When tuning this query, it helps to approach it in two parts: the table scans and the join. To begin, let’s obtain a benchmark of how long it takes just to scan each table. This will not only give us the ability to estimate query time but also highlight when a query slows down, as well as ensure that we can read the tables themselves fairly quickly.

SELECT CURRENT HOUR TO SECOND FROM SYSTABLES WHERE TABID = 1;

SELECT SUM(some_column) from tab1;

SELECT CURRENT HOUR TO SECOND FROM SYSTABLES WHERE TABID = 1;

SELECT SUM(some_other_column) from tab2;

SELECT CURRENT HOUR TO SECOND FROM SYSTABLES WHERE TABID = 1;

Results: 17 minutes for Table 1, 20 minutes for Table 2. Roughly 30,000 rows per second. These results are interpolated. The actual read time was 37 minutes for both tables.

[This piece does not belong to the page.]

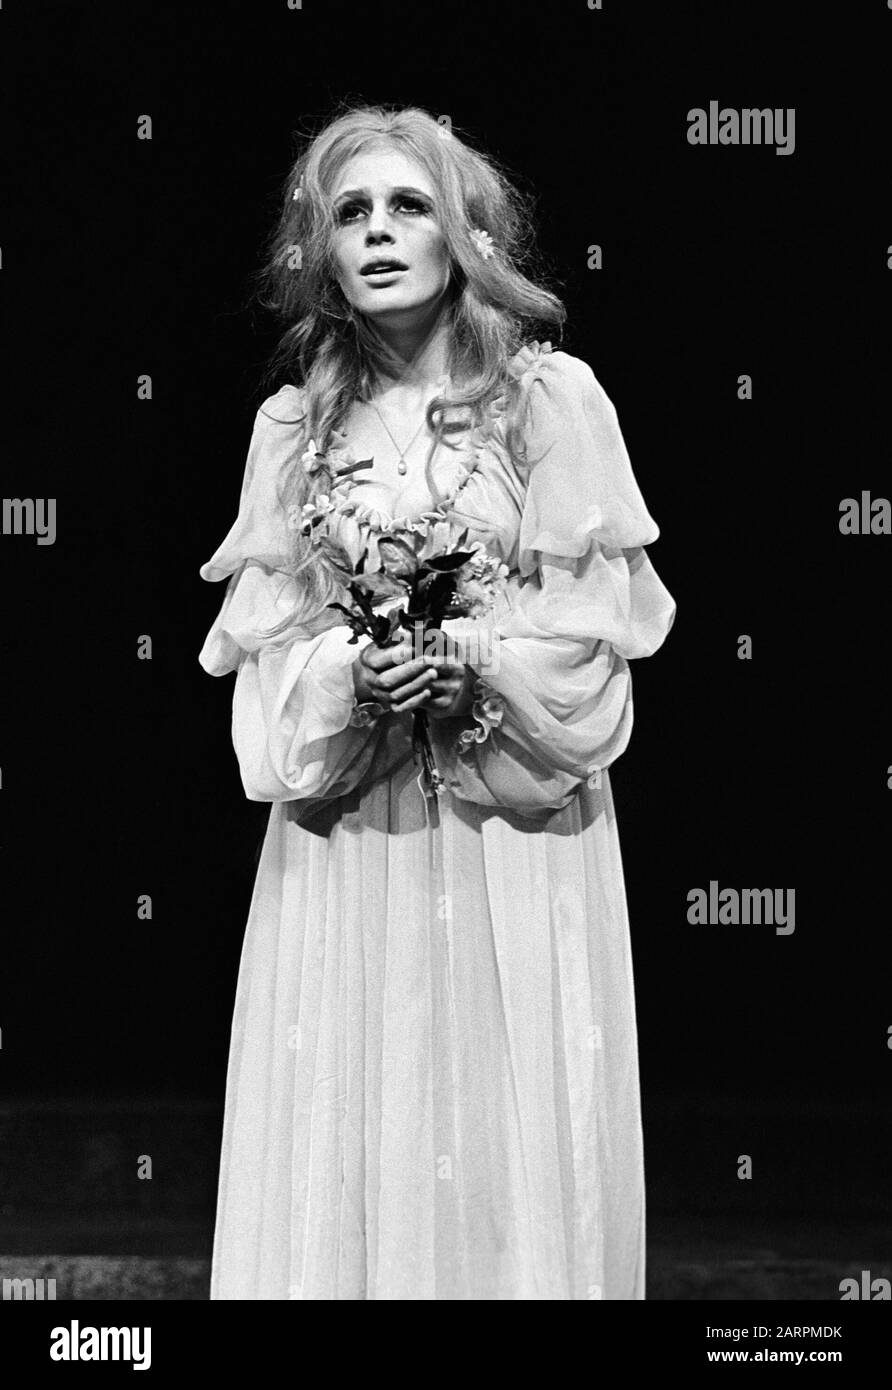 Marianne Faithfull as Ophelia in HAMLET by Shakespeare directed by Tony Richardson at the Roundhouse, London in 1969. Marianne Faithfull, English singer, songwriter and actress, born 29 December 1946 in Hampstead, London Stock Photo

The first tuning objective is to improve the read performance. With all of the data being in one dbspace, the engine is limited to a single thread to read the entire table. If the data is spread over multiple dbspaces the database can kick off one thread per dbspace, or fragment. Using ipload you can generate and run a job which will unload (and reload) each table. You can then drop each table, recreate them fragmented over several disks, and reload them. In this particular instance, the fragmentation expression is not that important, so you can just use round robin. If it takes 20 minutes to read a table in one dbspace, spreading the table across 4 dbspaces should bring the scan time down to about 5 minutes. Spreading the table across 8 dbspaces should lower the time to about 2.5 minutes.
 
 

PDQPRIORITY

Now that we have fixed the tables, the most obvious next step is PDQPRIORITY. With PDQPRIORITY off, Informix Dynamic Serverä is doing nothing in parallel (Note, with XPS PDQPRIORITY does not have as much control, parallelism is still used with it set to 0, PDQPRIORITY now becomes important for allocating memory). One thread is doing all of the reading. If you assume that it takes 5 minutes to read the data from one disk, and that there are 16 dbspaces per table, then the query is automatically starting off with 80 minutes of overhead per table. Just by setting PDQPRIORITY to 1 the engine can kick off one read thread per disk (don’t worry, it won’t try to read both tables at once).

Running the benchmark again with PDQPRIORITY set to 1, either from the operating system (EXPORT PDQPRIORITY=1) or from dbaccess (SET PDQPRIORITY 1), the length of time required to scan each table greatly improves.

Results: 3 minutes 21 seconds for Table 1, 3 minutes 52 seconds for Table 2. Roughly 150,000 rows per second.

Table scan times improve five-fold just by fragmenting the data. However, it can still be improved.
 
 

Light Scans

In an OLTP environment, you want to maximize the cache read and write rates. To do this, you want the engine to find the row it needs in the buffer cache and not have to read it from disk. OLTP buffer cache management has some minimal overhead. However, in a DSS environment, you want to scan the entire table; the odds of the data being in the cache are, therefore, dramatically reduced. The overhead associated with managing the DSS buffer cache becomes onerous. Enter the light scan, a critical element in DSS queries.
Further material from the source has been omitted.